Fixed fluidized bed reaction evaluation device

Technical Field

The utility model relates to a quick evaluation device of catalytic cracking catalyst in petrochemical field.

Background

Catalytic cracking is an important means for the conversion of heavy oils to light oils. The development of catalytic cracking catalysts requires frequent evaluation of the performance of the catalyst to improve the performance of the catalyst. The catalyst is evaluated and screened on a laboratory riser device, so that the method has the advantages of high operation difficulty, high operation cost, low screening efficiency and large catalyst consumption, and is not suitable for the research and development of a laboratory catalytic cracking catalyst.

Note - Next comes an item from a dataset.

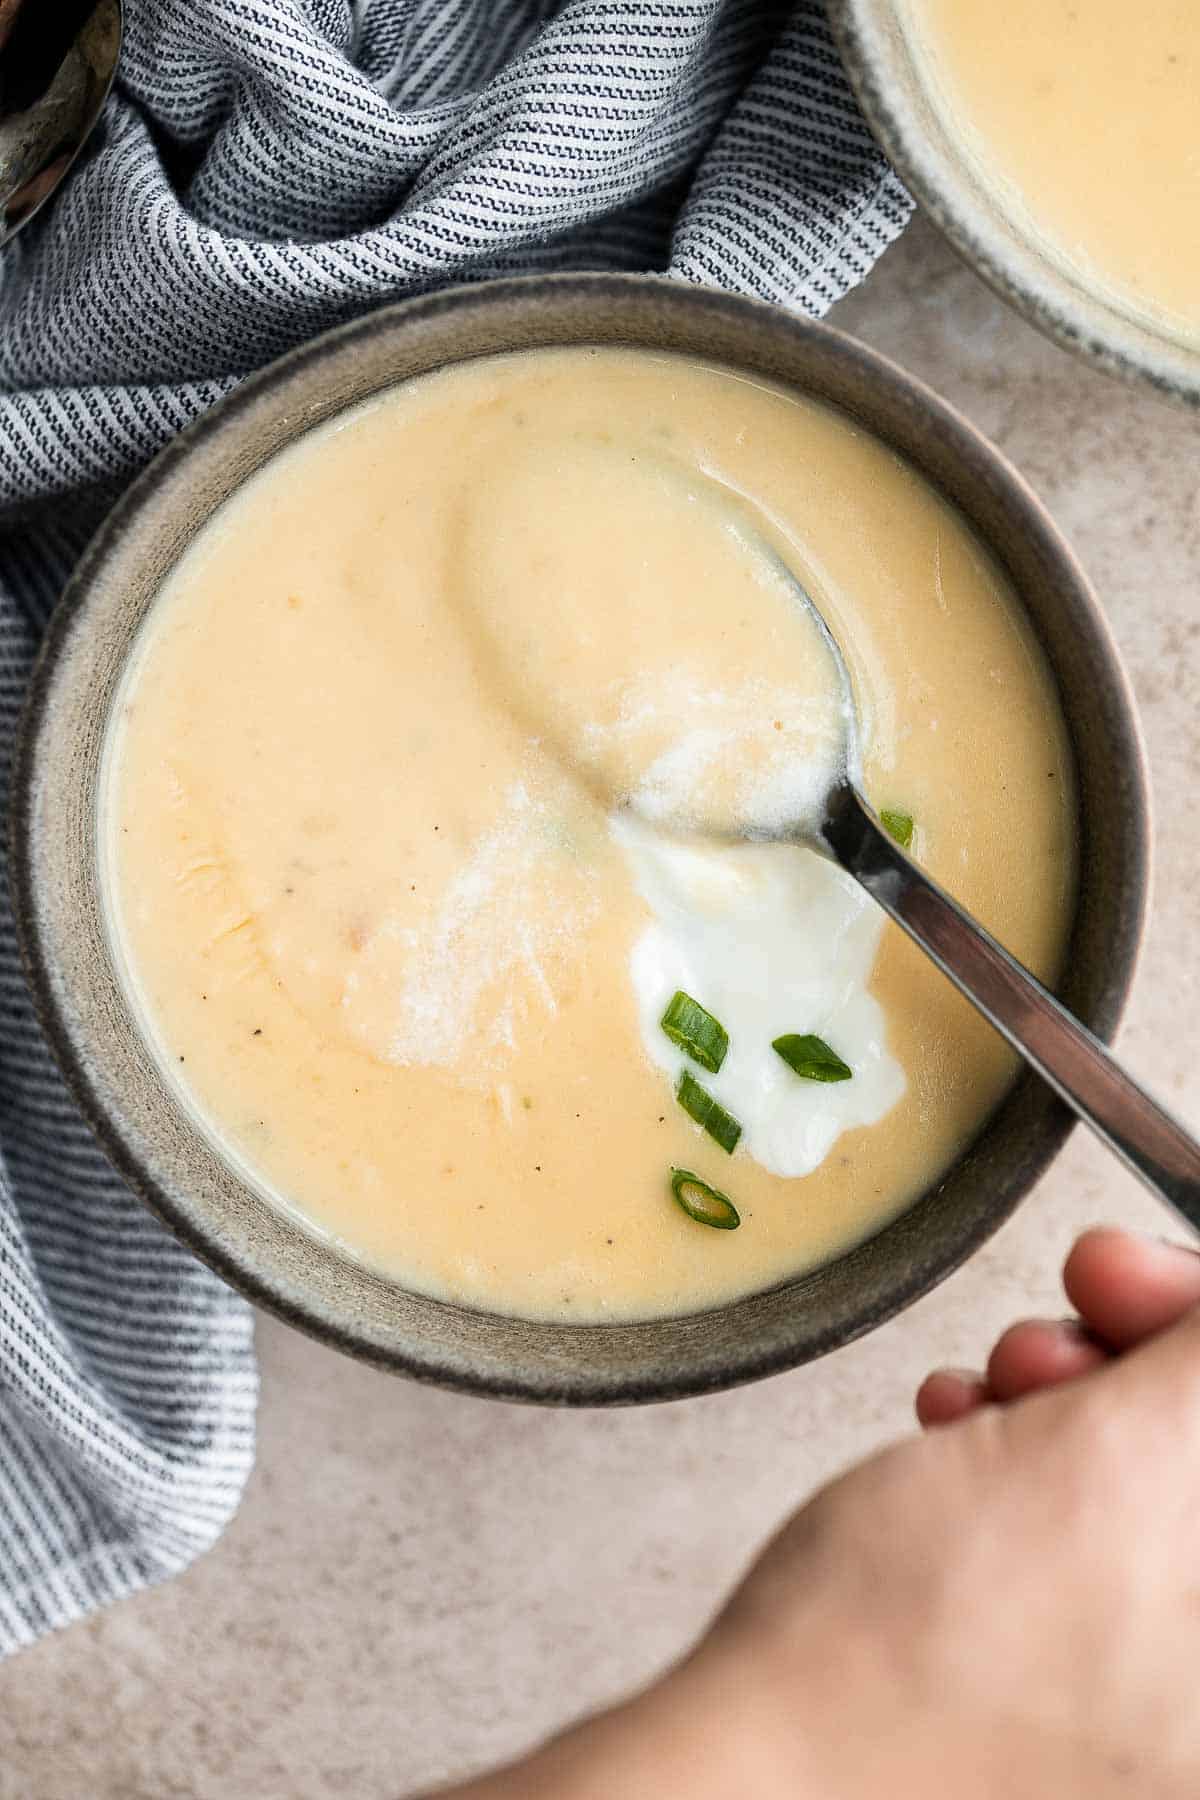 Cheesy Potato Soup is creamy, delicious, and comforting. This recipe takes everyday ingredients and transforms them in 30 minutes to a rich, luscious soup. | aheadofthyme.com

The fixed fluidized bed reaction evaluation device has the advantages of simple operation, low operation cost, high evaluation efficiency, small catalyst consumption, compact equipment, small occupied area and small equipment investment, and is particularly suitable for the evaluation and screening requirements of a catalytic cracking catalyst research and development laboratory on the catalyst.

The patent documents disclosed at present are all fixed fluidized bed evaluation devices with only one reactor, only one catalyst can be evaluated in each experimental period, and the efficiency is low.

SUMMERY OF THE UTILITY MODEL

The utility model aims to provide a fixed fluidized bed reaction evaluation device which can meet the evaluation and screening requirements of a catalytic cracking catalyst research and development laboratory on catalysts; when the device is provided with two reactors, the two reactors can be switched and connected in series, and the reaction evaluation efficiency is improved.

In order to achieve the aim, the utility model provides a fixed fluidized bed reaction evaluation device, which comprises a feeding system, a reaction system and a tail gas treatment system;

the feeding system is provided with an oxygen rotor flow meter, a nitrogen rotor flow meter, a water tank, a constant flow pump, an oil tank, a gear pump and a preheating furnace; the oxygen rotor flow meter and the nitrogen rotor flow meter are arranged in parallel and communicated with the preheating furnace, the water tank is communicated with the preheating furnace through a constant flow pump, and the oil tank is communicated with the preheating furnace through a gear pump; when in specific implementation, the system is also provided with related pressure and temperature detecting instruments, electronic scales, pipeline valve connecting pieces and other matched pipelines;

the reaction system is provided with a first reactor; the inlet of the first reactor is communicated with the preheating furnace of the feeding system;

the tail gas treatment system is provided with a primary water cooler, a secondary liquid cooler, a tertiary reflux condenser, a jacket liquid collecting bottle, a low-temperature cooling circulating pump, a gas collecting barrel, a water collecting barrel and a vacuum pump; the inlet of the primary water cooler is communicated with the outlet of the first reactor; the primary water cooler and the secondary liquid cooler are sequentially communicated and are communicated with the tertiary reflux condenser through a jacket liquid collecting bottle, a cooling medium inlet and a cooling medium outlet of the secondary liquid cooler are respectively communicated with the low-temperature cooling circulating pump, and two gas outlets of the tertiary reflux condenser are respectively communicated with the low-temperature cooling circulating pump and the gas collecting barrel; the water collecting barrel is arranged above the gas collecting barrel, and the bottom of the water collecting barrel is communicated with the bottom of the gas collecting barrel; the gas collection barrel is communicated with the vacuum pump, and an air bag is arranged on a connecting pipeline between the gas collection barrel and the vacuum pump; the gas outlet of the secondary liquid cooler and the gas outlet of the jacket liquid collecting bottle are communicated with the gas inlet of the flue gas water bottle; and the water tank, the oil tank and the water collecting barrel are respectively and correspondingly provided with a water tank electronic balance, an oil tank electronic balance and a water collecting barrel electronic balance.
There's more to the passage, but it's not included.